We don't own any power tools, so this was done with an old hand saw and some wood glue.  I also used my wood burner to put some designs on the top and the two pillars.  I glued everything together, and set it up to dry overnight.  Tons of books are piled on top to keep everything stuck together while it's drying!
And here's the final product!  Well, mostly final - I'd like to get some light stain and seal it once my husband is back with the car - but this is the general idea!  The space on the right is devoted to a Sun altar at the moment, but it will be moved for any magical altars I'd like to set up.  My favorite is the new ADF area; the seasonal Tree, Fire, and the Well tucked beneath them on the lower shelf.  Overall, things are much less cluttered, and I feel like my daily devotions are more focused since each area has its own purpose.

And now that I've shared mine, please share yours as well!  I love to see people's altars; they're such a wonderful window into the spiritual practices of others.  If you don't have one of your own due to a lack of furniture, let my project be an inspiration!  This is literally the very first thing I've ever built out of wood, if you don't count the scrap pieces my dad used to let me glue together as a kid - and it didn't turn out too bad.  Just remember: measure twice, cut once!

Friday, March 23, 2012


To follow up on last week's post about fasting, I thought I would use my last 'f' to cover its complement: feasting!  As a bit of an amateur 'kitchen witch', I really enjoy cooking; and I love celebrating even more - so our holidays, Pagan and not, are usually filled with food.  This has always been tradition in my family; baking Christmas cookies and huge Easter dinners - and now we make Solstice cookies and succulent Lughnasadh feasts!

One of my favorite things about Pagan holidays and their feasts is challenging myself to create seasonally appropriate meals.  For the Vernal Equinox this year, we had eggs benedict and asparagus with hollandaise sauce - lots of eggs, butter, and fresh asparagus, all in season right now!  And it was very much enjoyed.

There's something about the ritual of preparing and cooking a wonderful meal that is inherently magical; whether you're the ceremonial type or prefer to do it off-the-cuff, it's just like any other ritual.  I tend to be of the follow-the-recipe sort in the kitchen; and I usually use scripts in my ritual as well.  Feasts, for me, are just another ritual that I perform on the High Days - a more complicated recipe, more dishes to serve, and more people to feed; just like ritual on those days is more complicated, has more parts, and oftentimes involves other people not included in my daily devotionals.

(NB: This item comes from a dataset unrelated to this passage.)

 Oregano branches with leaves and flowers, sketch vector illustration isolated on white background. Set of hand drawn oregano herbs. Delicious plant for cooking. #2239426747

Feasting brings a family and a community together in a way that very few other things can replicate.  There's something about good food and good company that sets anyone at ease.  I think this is a huge part of the concept of eating food as a 'grounding' action - not only does it make you more aware of your physical body, as well as give you a bit of energy after so much has been used up; but when sharing a meal with friends or family, you can't help but talk and joke and enjoy the physical presence of one another.

If you're not usually the feasting type, I recommend that you plan to prepare something special for your next big holiday.  Like fasting, it's certainly not for everyone, but there's so much that a special meal can add to a special day!

Sunday, March 18, 2012

Week 1 Essay: How I Came to Druidry

            This is my first assignment for the New Order of Druid's course.  I was asked to describe the circumstances that led to my interest in Druidic spirituality, and also what I hoped to gain from the course.   

             As a child, I spent a great deal of my time outdoors.  I wasn't very good at making friends, and I generally preferred to spend most of my time alone anyway.  My parents weren't the sort to tolerate a young child holed up alone in her room, and so from a young age I was often sent outside to play.  Luckily for me, I also spent a great deal of time with my grandmother; a wonderful and nature-loving woman who taught me a great deal about the world.  In her youth, she had backpacked national parks for weeks at a time, and used to take my mother and her sister on summer-long camping and hiking trips in their family camper.  She had an incredibly deep appreciation of nature that she spent my early childhood imparting on to me as well.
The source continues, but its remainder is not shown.